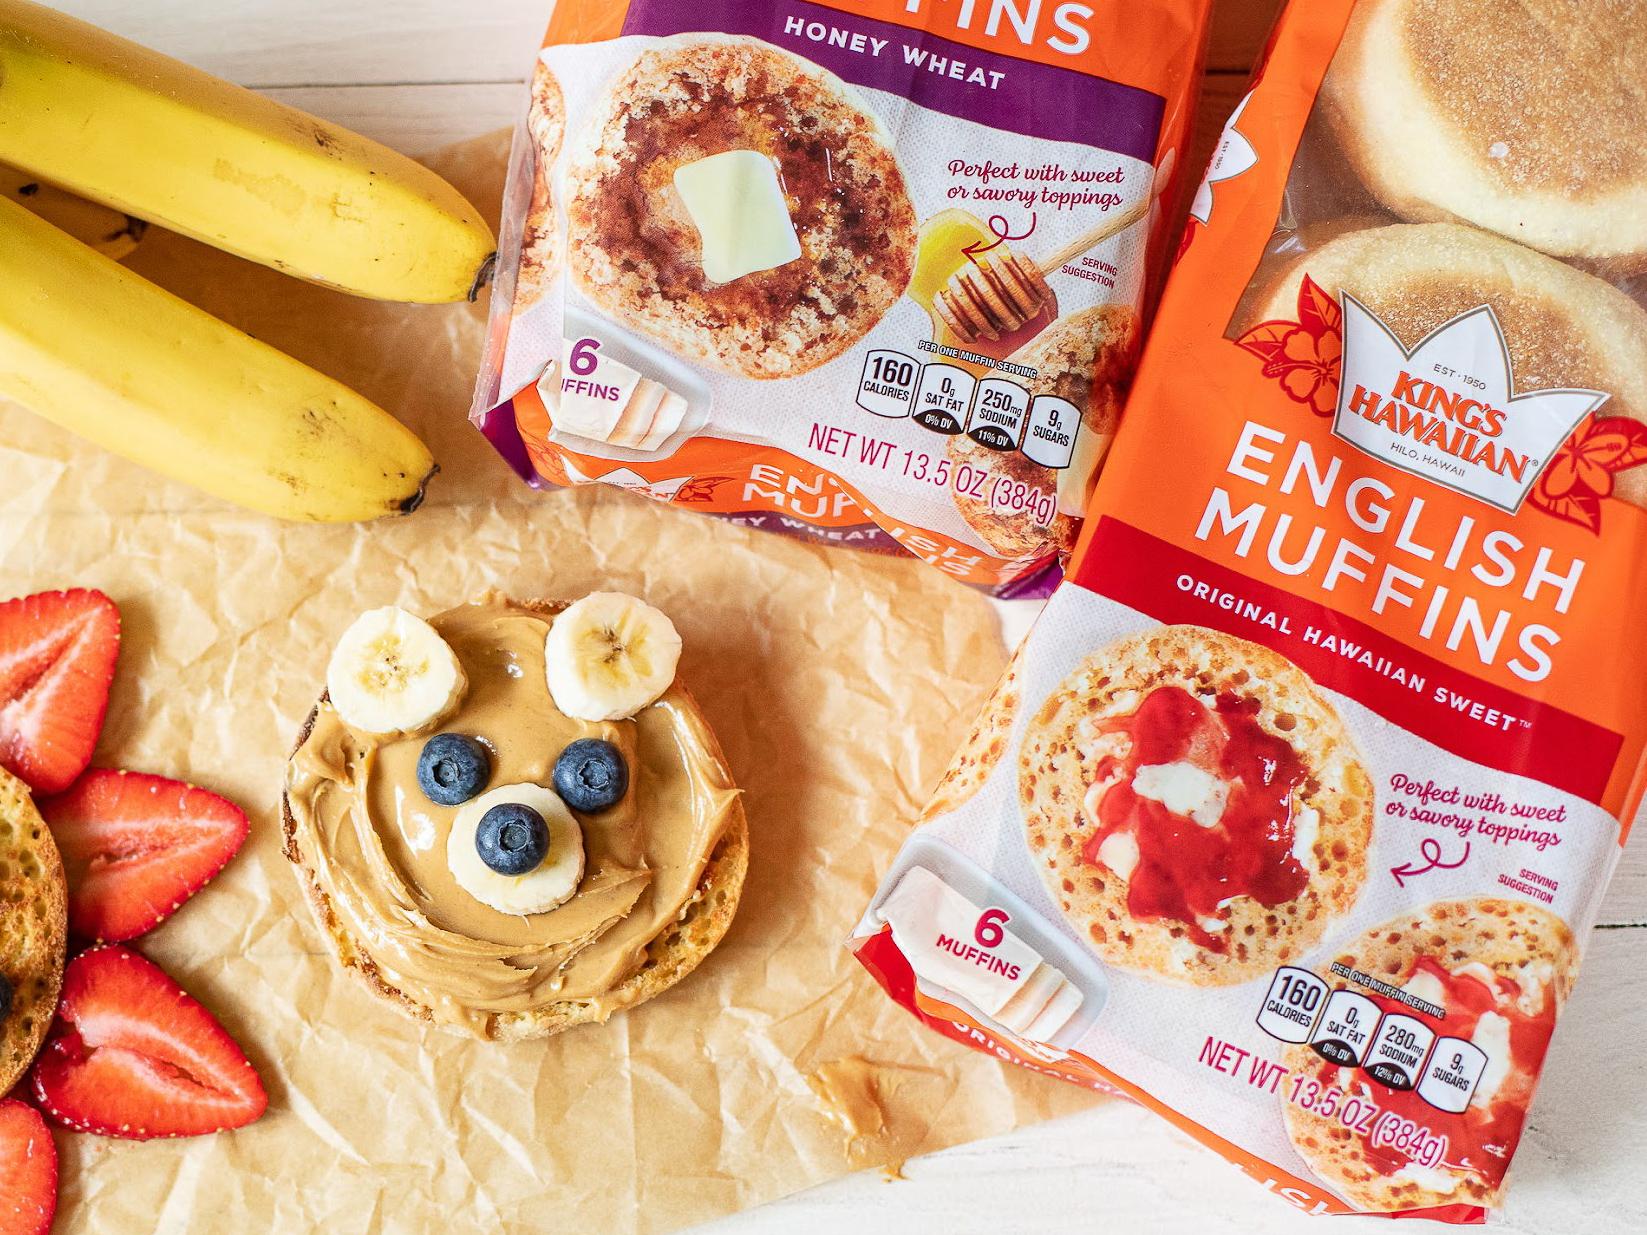 Back To School Is Tasty With King's Hawaiian English Muffins 1
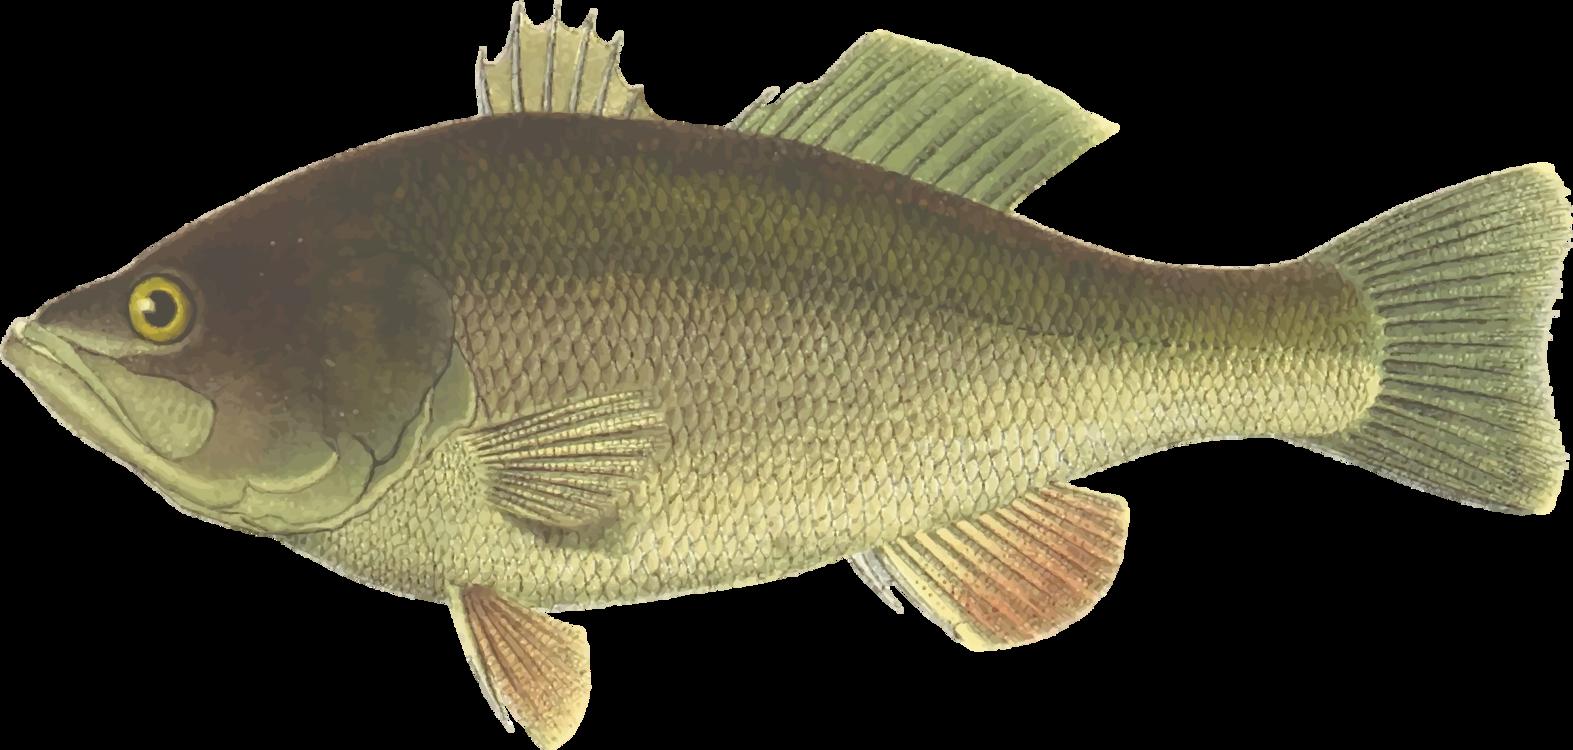 Perch,Tilapia,Bony Fish
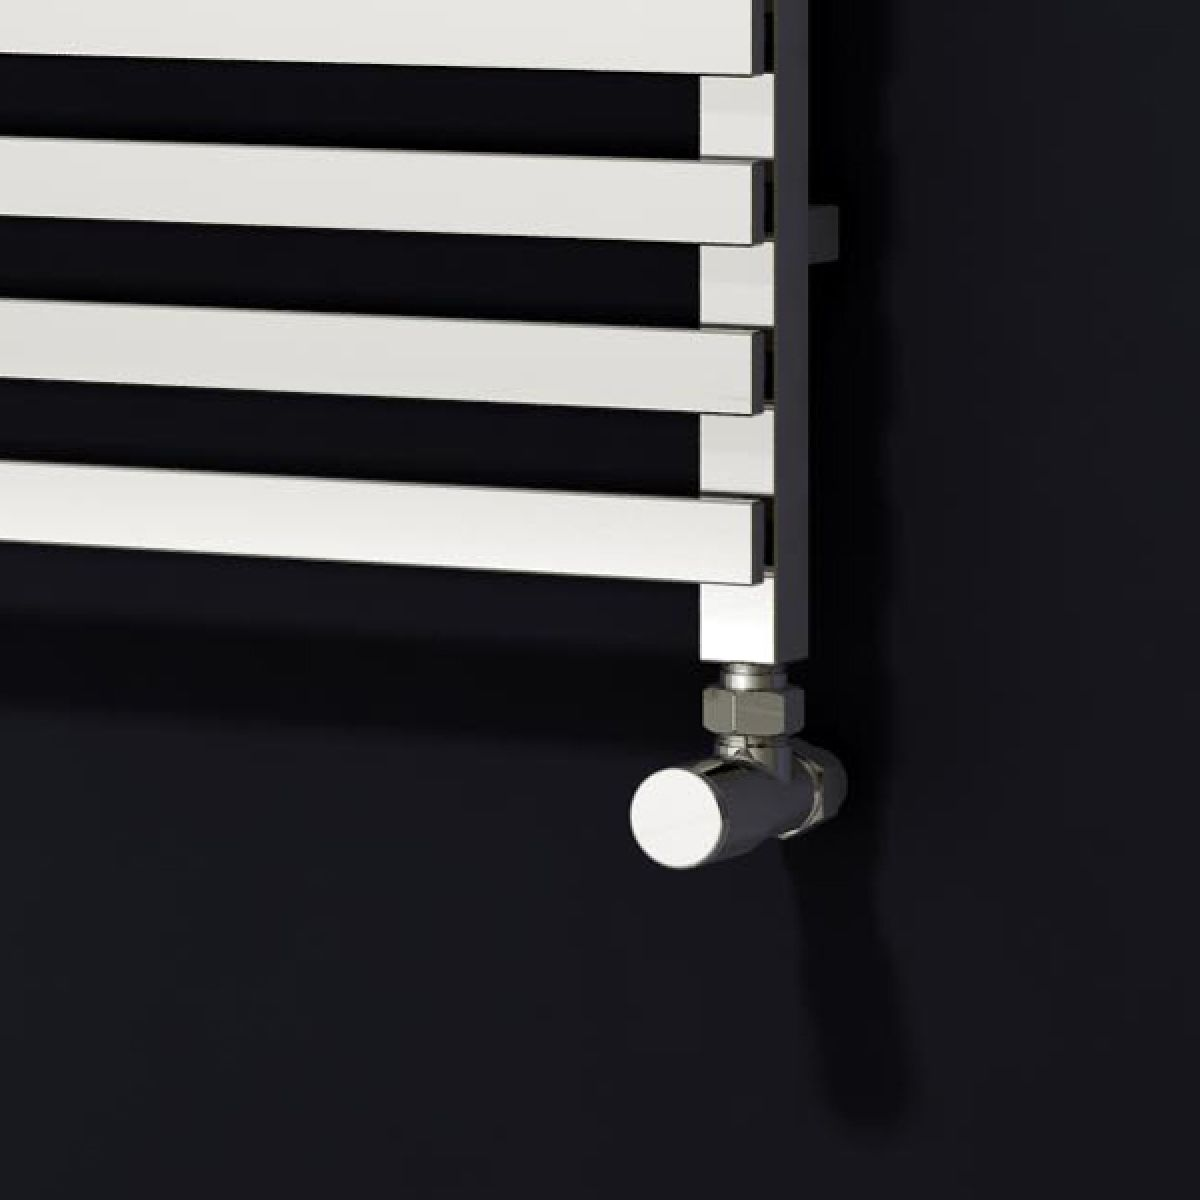 Carina Designer Chrome Electric Towel Rail 1200 x 500mm Detail
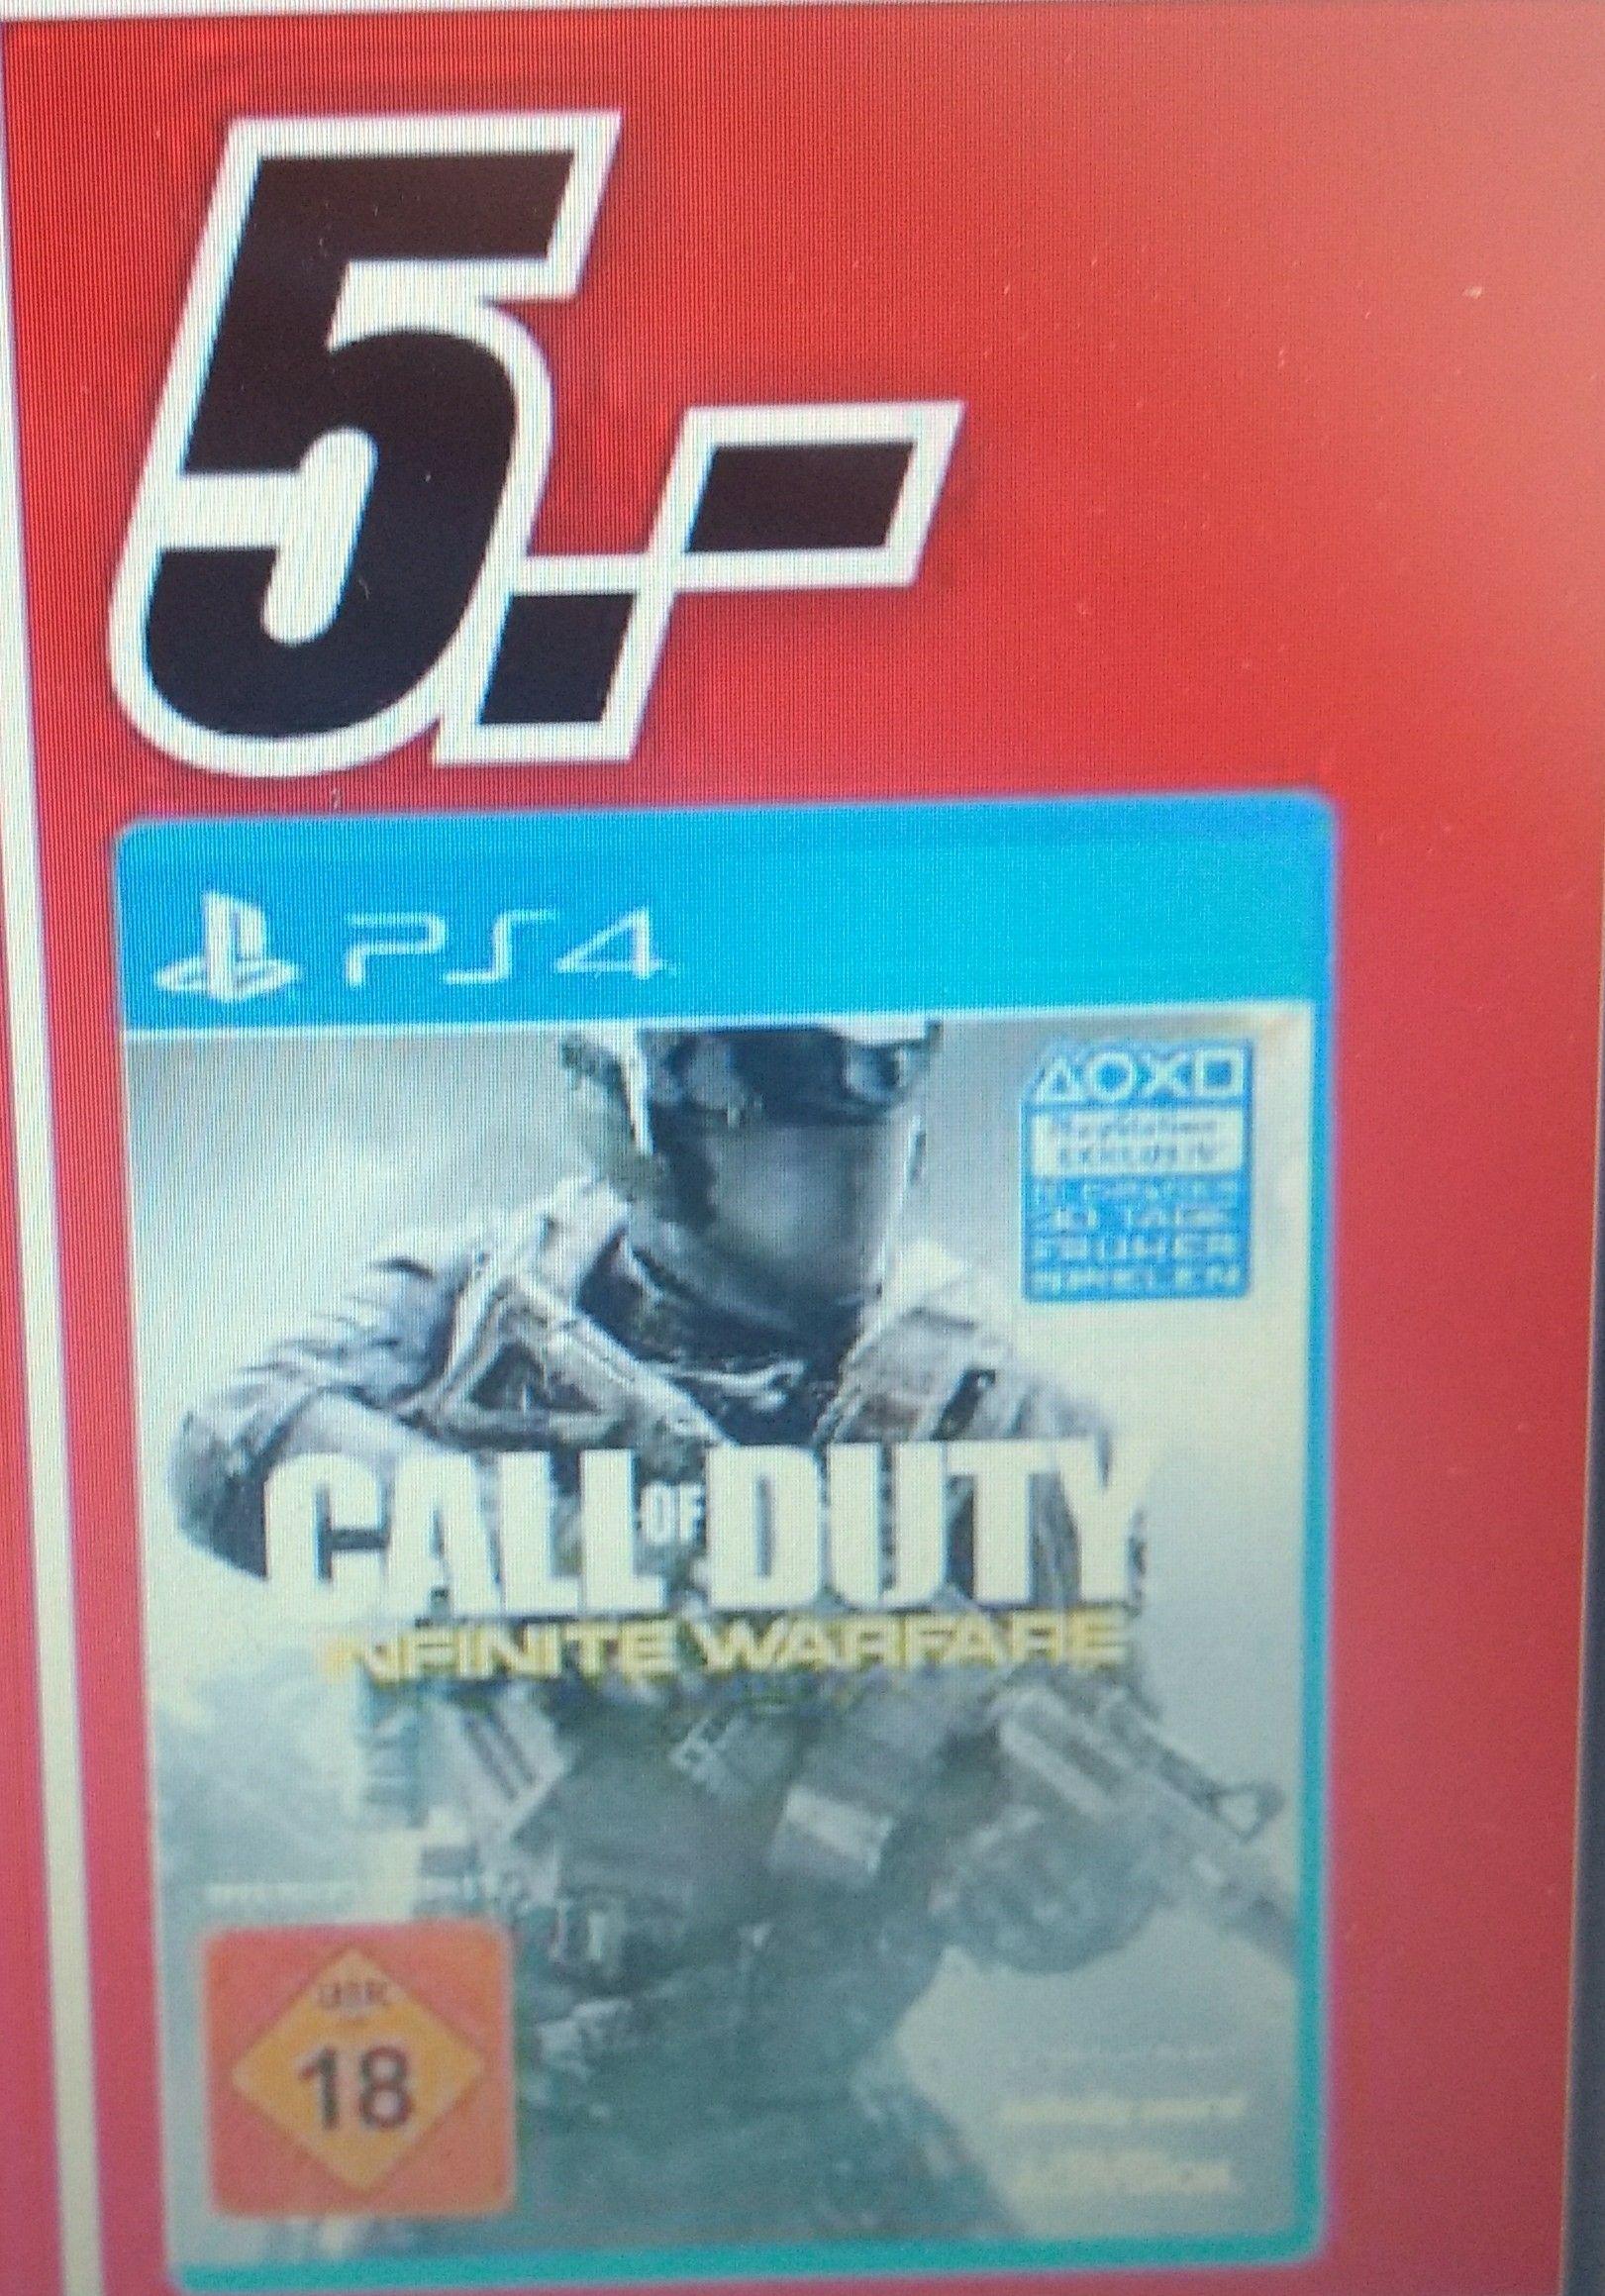 Call of Duty: Infinite Warfare(PS4) (Lokal Mediamarkt Weiden)

→ Activity: Reprint the listing above verbatim but drop the images.

→ The answer:
 Back To School Is Tasty With King's Hawaiian English Muffins 1
 Perch,Tilapia,Bony Fish
 Carina Designer Chrome Electric Towel Rail 1200 x 500mm Detail
 Call of Duty: Infinite Warfare(PS4) (Lokal Mediamarkt Weiden)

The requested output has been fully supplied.